August: Osage County

Synopsis: The Weston family is known for its strong-willed women. When a funeral brings them all together the sparks fly with recriminations, revelations and venomous verbal brawlings.

With a script adapted from his popular and Pulitzer Prize winning 2007 play by Tracy Letts, August: Osage County stays true to its theatrical roots. With its unlikeable characters played by an exemplary cast who make the biting dialogue leap off the screen in an explosion of vitriol and high-flown dramatics, one either loves or hates this kind of thing. I love it and found myself in awe of virtually all the performances and alternately chuckling and cringing at the excruciatingly uncomfortable situations.
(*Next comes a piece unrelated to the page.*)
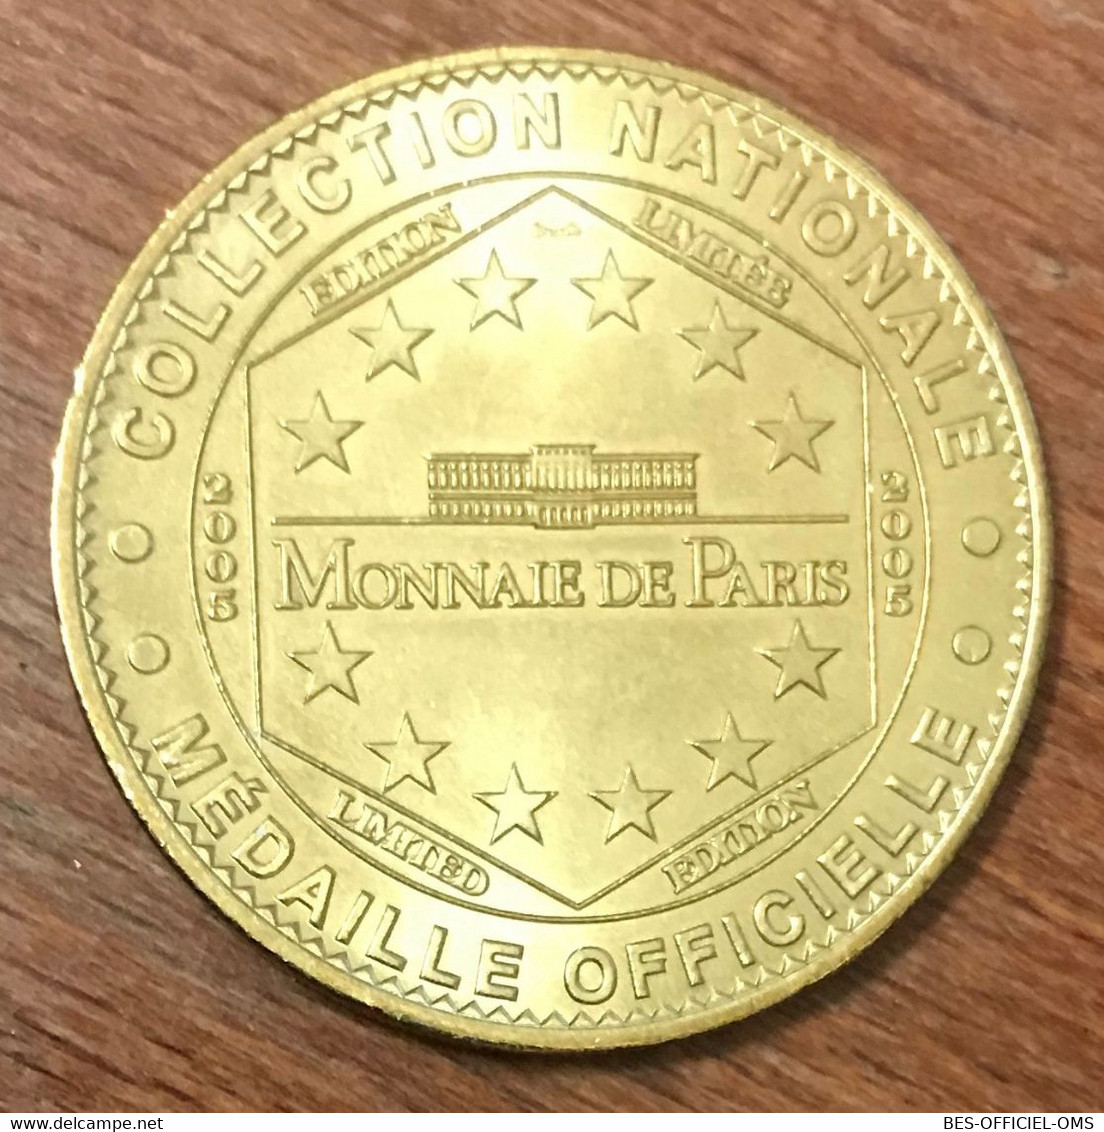 24 PÉRIGUEUX VESUNNA HOMME  MDP 2005 MEDAILLE SOUVENIR MONNAIE DE PARIS JETON TOURISTIQUE MEDALS COINS TOKENS - 2005

Despite much of it being played for laughs there are also moments of heart-breaking poignancy and the whole feels truthful in its exposure of the familiar hostilities seething beneath the surface of so many extended family relationships.

August: Osage County is an ensemble film par excellence and simply reading the cast list should be enough to pull fans straight into the cinema. Family matriarch Violet, a pill-popping, cancer-riddled, verbally abusive woman, is played by the inimitable Meryl Streep, whose gob-smacking performance has already garnered her a truckload of nominations for various awards. Seldom has such a detestable person on screen caused me to laugh so much whilst still drawing out fleeting moments of compassion. Violet’s three daughters Barbara (Julia Roberts), Ivy (Julianne Nicholson) and Karen (Juliette Lewis) are as unalike as any siblings could be. Roberts, in a role poles apart from her usual sweetly feminine characters, is a standout as the strung-out. sharp-tongued mother of awkward teenager, Jean (Abigail Breslin). To add to her stress she is in the process of separating from her philandering husband (Ewan McGregor). Ivy is quietly self-effacing and is romantically attached to her cousin, Little Charles (Benedict Cumberbatch), who is adored by his kind-hearted dad, Charlie (Chris Cooper), but inexplicably maligned by his mother, Mattie Fae (Margo Martindale), an otherwise generous and down-to-earth woman.  Karen is the archetypical good-time gal with a new man each year. This time it’s Steve Huberbrecht (Dermot Mulroney), a dope-smoking sleaze-ball with an eye for younger girls. Sam Shepard plays Beverley, Violet’s briefly-seen, long-suffering husband.

Director Wells skilfully uses the additional resources of music and photography to lay bare the pain family members can bring each other.